Levantando su copa, los ojos sobre las llamas, dejó al fino licor deslizarse por su garganta.

Admitió, silenciosamente, que realmente no le preocupaba lo que ella pensara.

Tenía que tenerla en su casa, entre sus paredes, en su cama. A salvo. Tenía que ser así; ya no tenía ninguna opción. La oscura y peligrosa emoción que ella había desatado y hecho surgir no permitiría ningún otro resultado.

No había sabido que tenía aquello dentro, aquel grado de sentimiento. Sin embargo esa tarde, cuando lo había forzado a permanecer de pie sobre el camino del jardín y mirarla, dejarla caminar alejándose de él, finalmente había comprendido qué era aquella enturbiada emoción.

Posesividad.

Había estado muy cerca de darle rienda suelta.

Siempre fue un hombre protector, lo testimoniaba su antigua ocupación, y ahora su grupo de queridas ancianas.
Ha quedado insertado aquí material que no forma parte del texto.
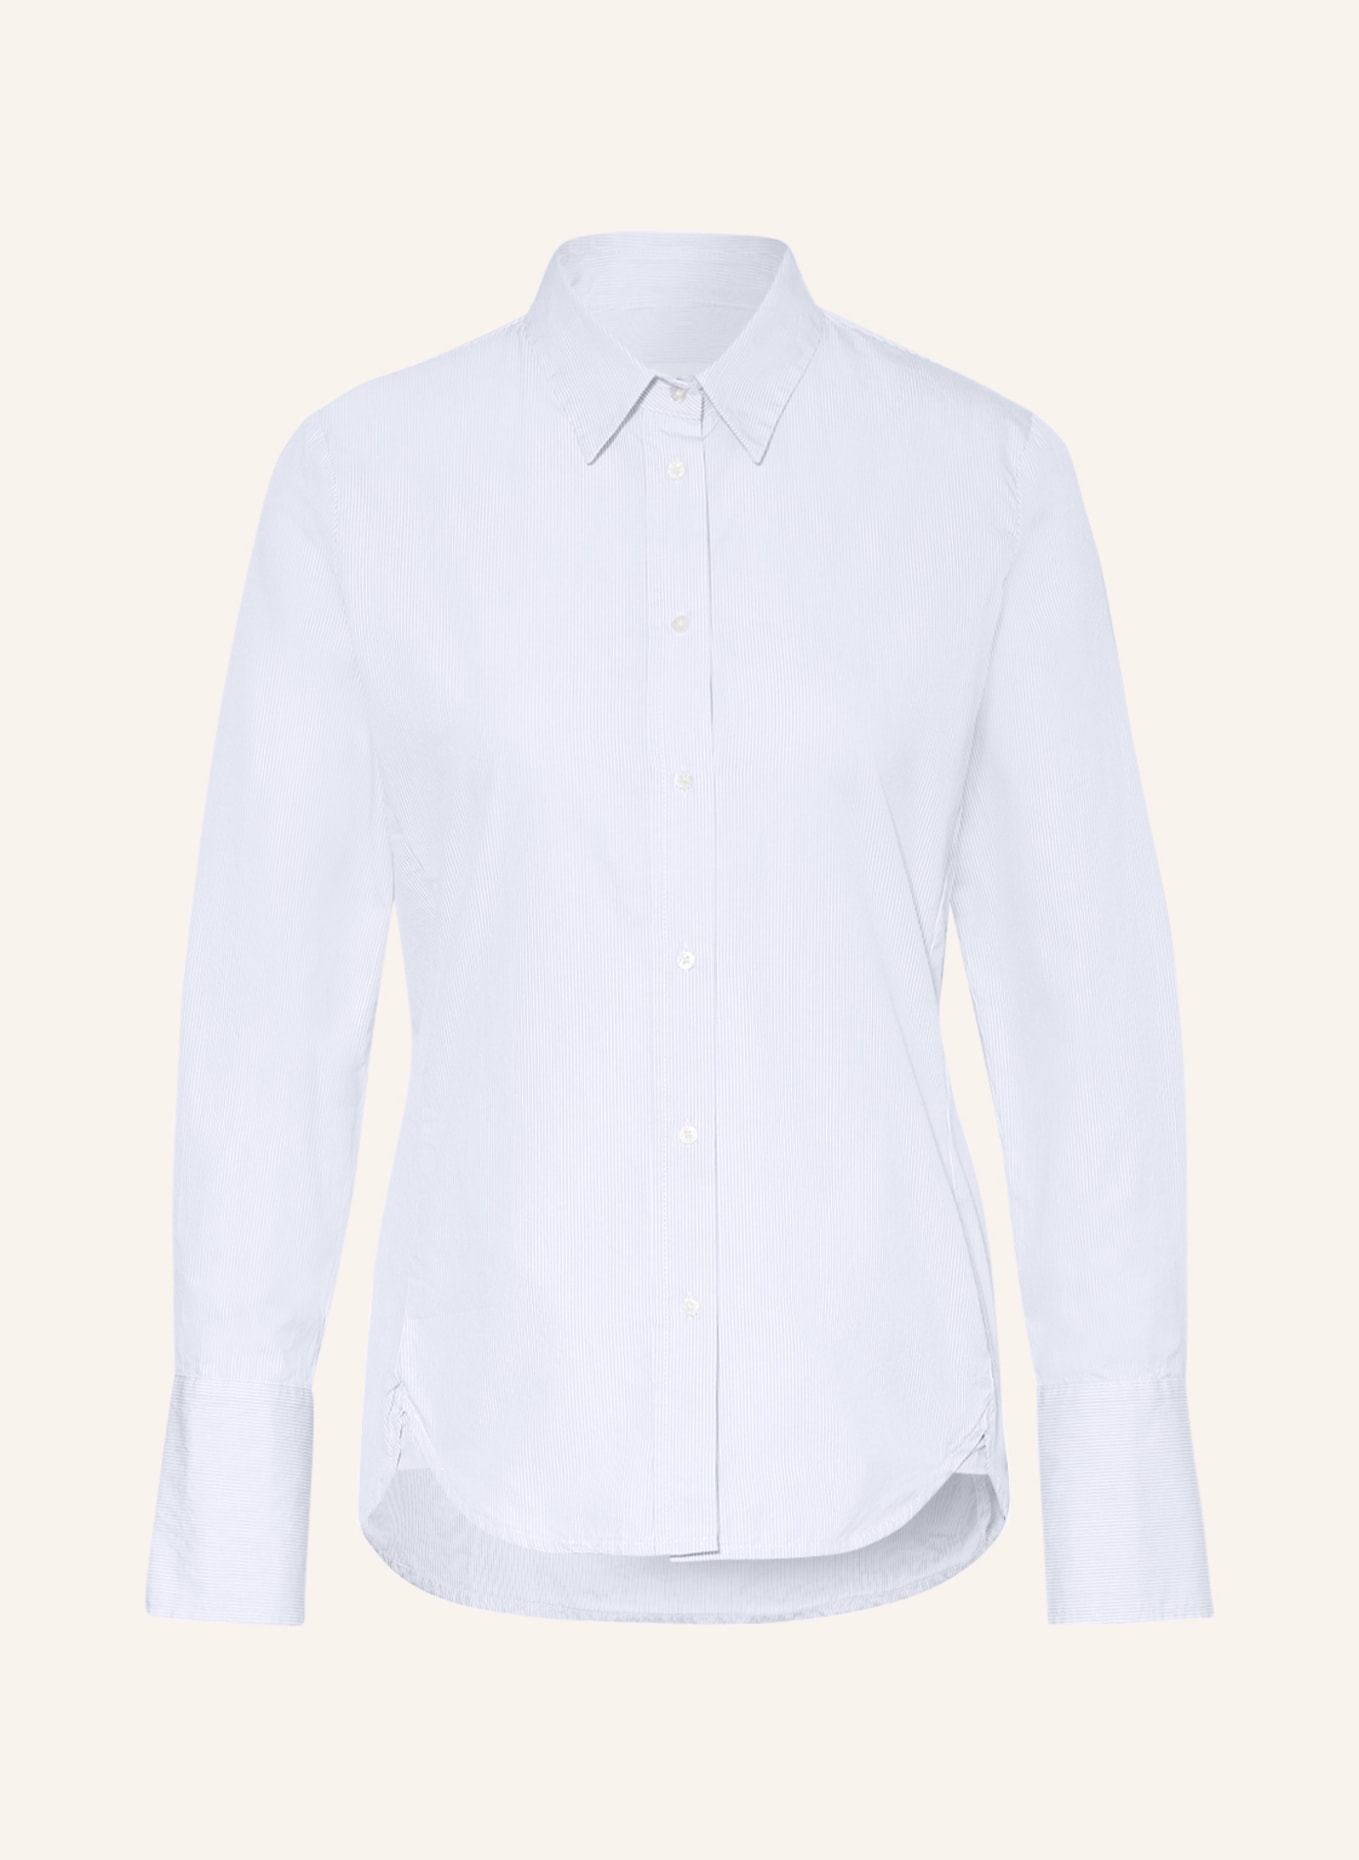 TONNO & PANNA Shirt blouse ELISABETH, Color: WHITE/ LIGHT BLUE (Image 1)

Siempre había entendido aquella parte de sí mismo, pero con Leonora sus sentimientos iban mucho más allá de cualquier instinto protector.

Considerando aquello, no tenía mucho tiempo. Existía un límite muy definido para su paciencia; siempre fue así.

Rápidamente, exploró mentalmente todos los dispositivos que había preparado para perseguir a Mountford, incluyendo aquellos que había iniciado esa tarde después de volver de Montrose Place.

Por el momento, aquella línea bastaría. Podría centrar su atención en otro frente con el que estaba comprometido.

Tenía que convencer a Leonora para que se casara con él; tenía que hacerla cambiar de idea.

¿Cómo?

Diez minutos más tarde se levantó y fue a buscar a sus viejos conocidos. La información, había sostenido siempre, era la llave para cualquier campaña exitosa.

La cena con sus tías, un para nada infrecuente evento en las semanas precedentes a la temporada cuando su tía Mildred, Lady Warsingham, venía para intentar convencer a Leonora de que participara en el mercado matrimonial, estuvo cerca del desastre.

Un hecho directamente atribuible a Trentham, aún en su ausencia.

A la mañana siguiente, Leonora todavía tenía problemas para ocultar sus rubores, todavía luchaba por impedir a su mente detenerse en aquellos momentos cuando, jadeando y ardiente, había estado bajo él y lo había visto sobre ella, moviéndose con aquel ritmo profundo, obsesivo, su cuerpo aceptando sus embates, el balanceo, la fusión física implacable.

Le había mirado la cara, visto la pasión desnuda llevarse todo su encanto y dejar los ángulos ásperos y planos grabados con algo mucho más primitivo.

Fascinante. Cautivador.

Y completamente aturdidor.

Se lanzó a la clasificación y la reorganización de cada trozo de papel en su escritorio.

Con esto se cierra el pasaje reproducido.